“You might as well ask me why I’m living,” Junya Watanabe replied to a journalist who’d tried to find out what motivated his Spring collection. He was smiling. “No theme,” was the non-information which had been emailed to journalists. “Watanabe-San simply wanted to create strong garments by maximizing his techniques to the fullest.”
Anyway, it was fully self-evident that Watanabe had been having fun as a designer, playing around with dozens of ways to slice and dice a trench coat. The first was a more or less regular double-breasted classic, with wide, extended sleeves. Then he got going with 3-D collaging, scissoring the makings of a raincoat into a full-skirted maxi dress, a pinafore, nipped-waist tailored jackets, a kilt, a pencil skirt, a miniskirt suit, a cape, trousers, parka variants, and a ball gown.
Midway, he removed the front sections of coats, and some men’s tailored jackets, and began fusing them onto shirts and white T-shirts.

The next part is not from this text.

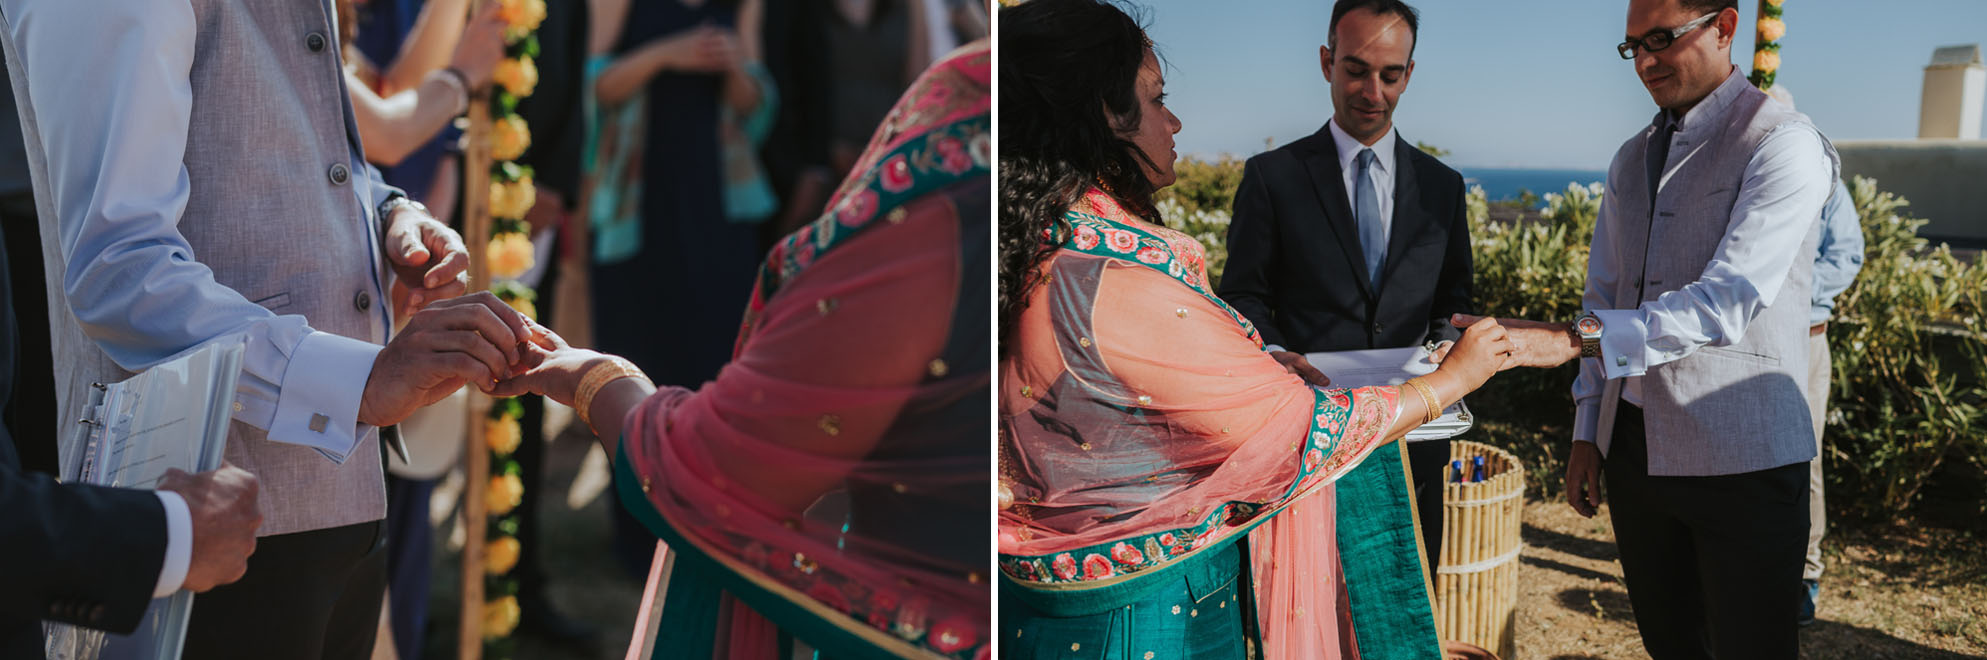 Mykonos Wedding Photographer-DMOL-6-13

Was it a bravura demonstration of Watanabe as a master of conceptual deconstruction? Well, yes—he is that—but also, no. The attraction of Junya Watanabe for his fans is his essential groundedness in making clothes for the street. He put everything with leggings or fluoro stretch pieces. The prints were collaborations commissioned from artists Demsky J. and Bicicleta Sem Freio. They’re modern muralists whose work is made to be experienced and enjoyed in public—just like Watanabe’s designs.